» **What you are asked to do**
Every line from the one with "Top 6 Universities" to the end of the listing, and nothing else, is to be printed exactly; please leave the pictures out.

» **Exercise data**
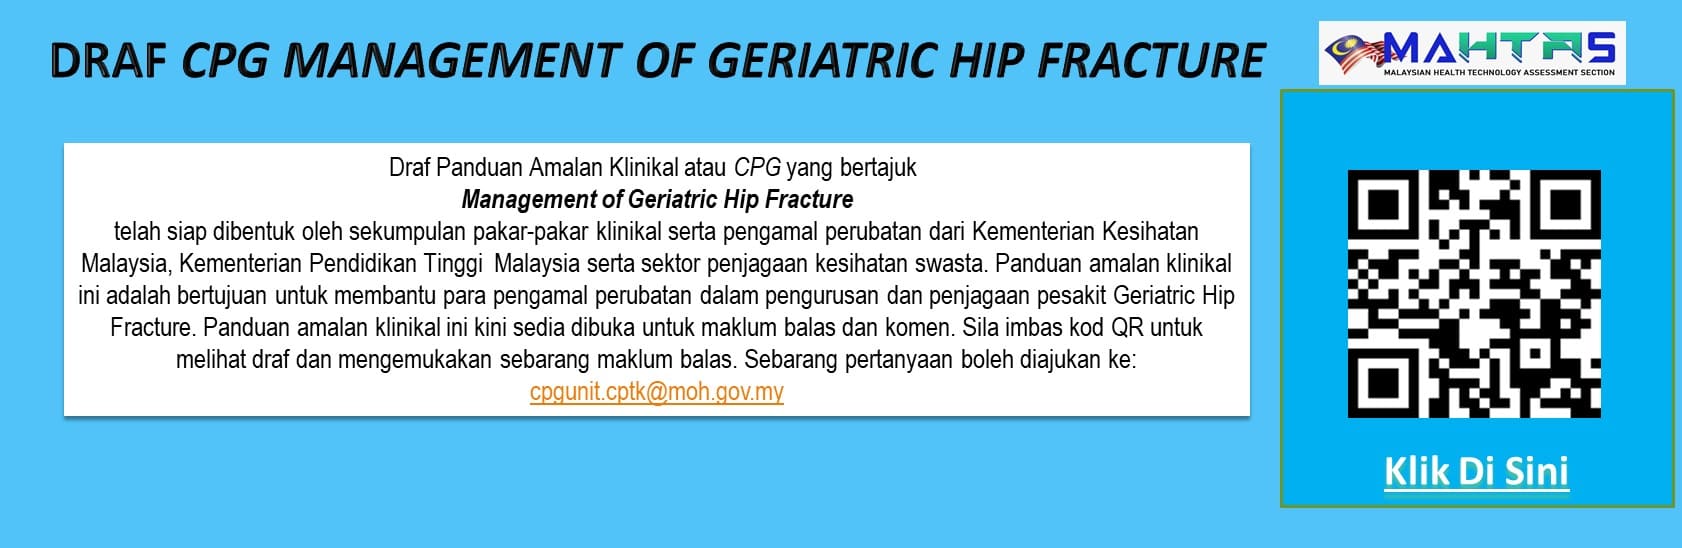 CPG Management of Geriatric Hip Fracture (GHF)
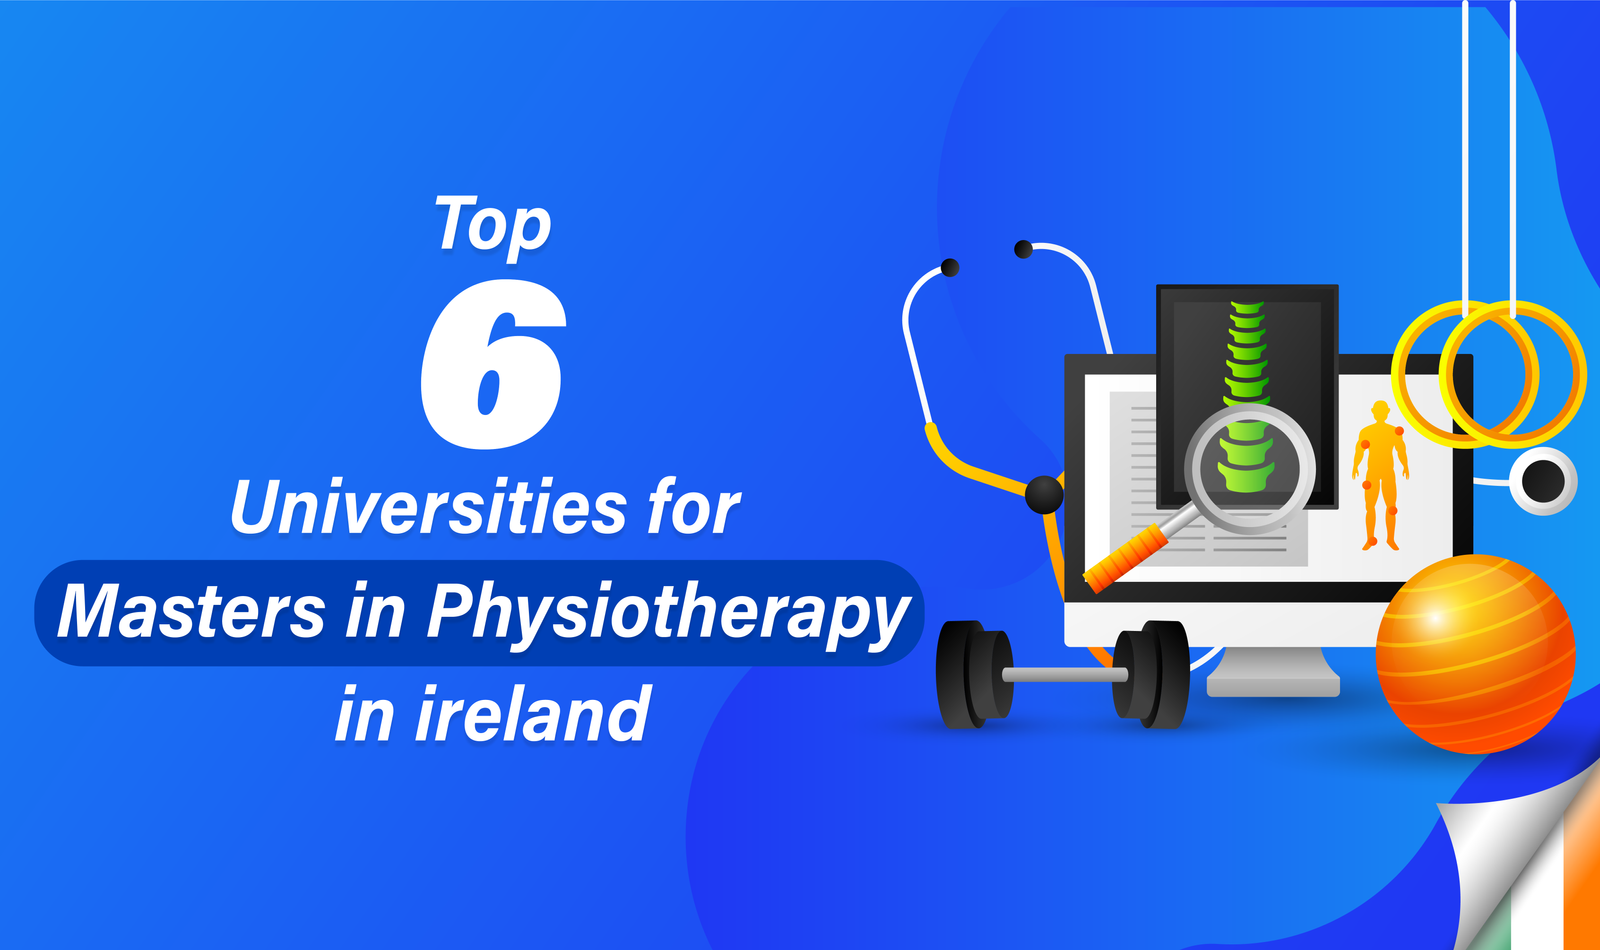 Top 6 Universities for Masters in Physiotherapy in Ireland
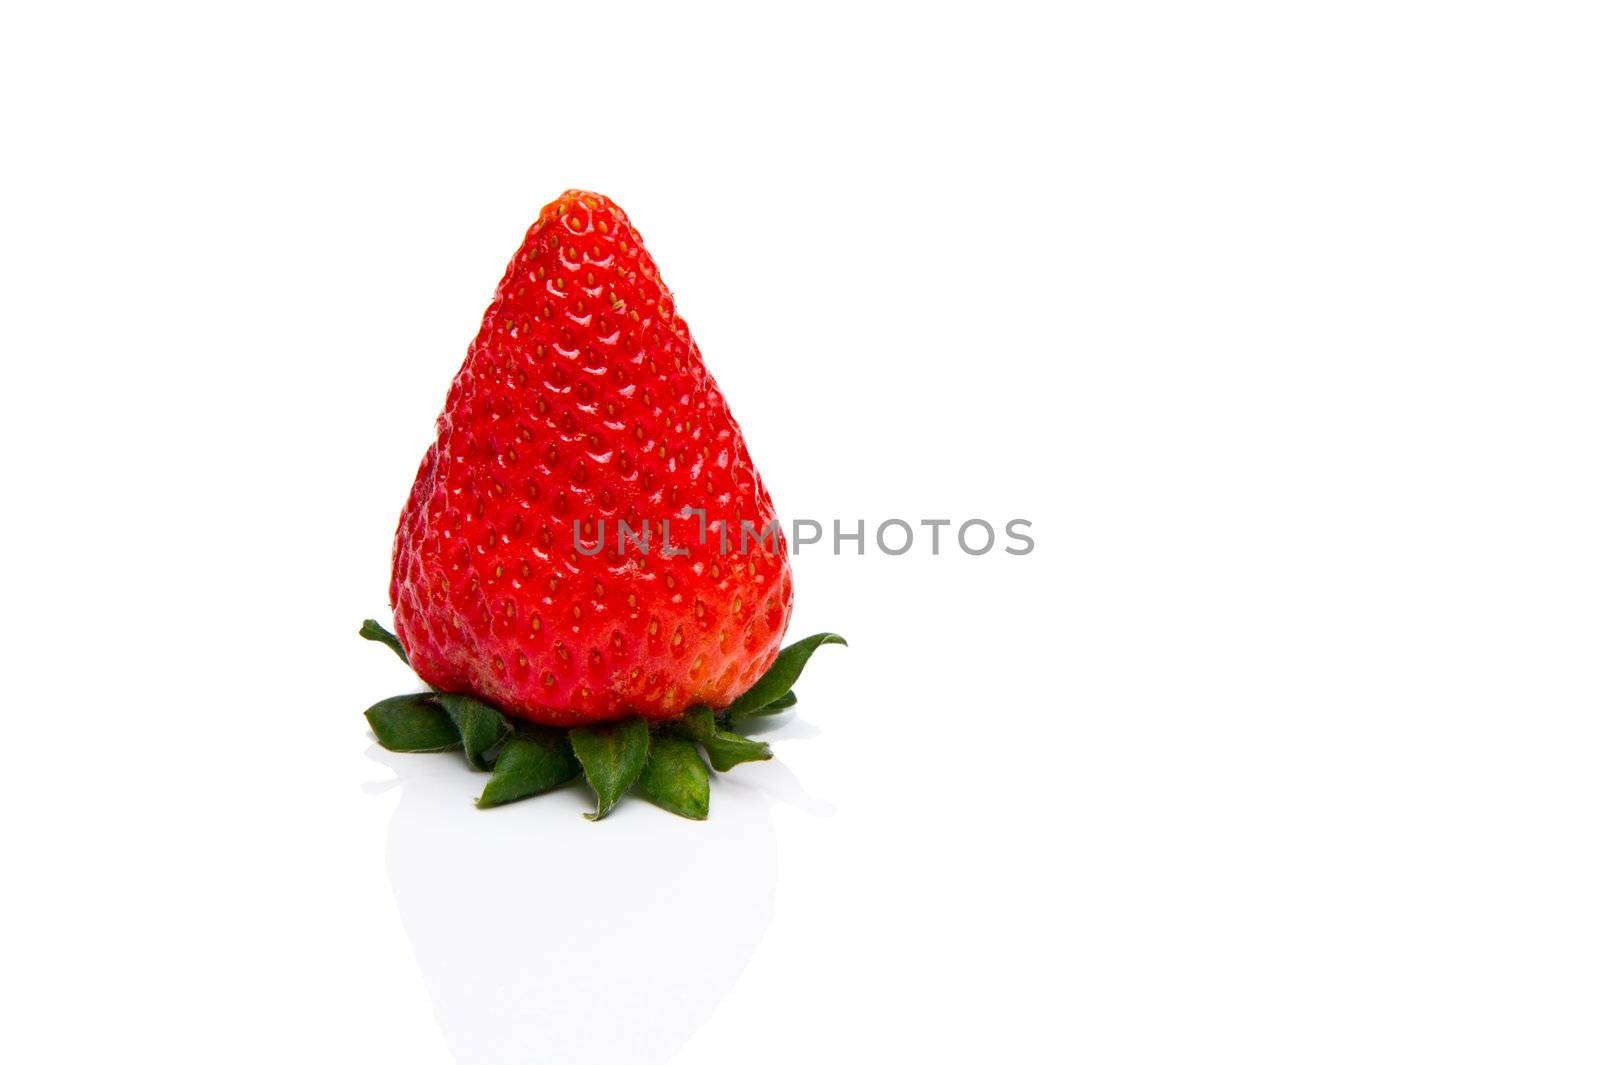 Delicious red strawberry on a white background.

» **Finished task**
 Top 6 Universities for Masters in Physiotherapy in Ireland
 Delicious red strawberry on a white background.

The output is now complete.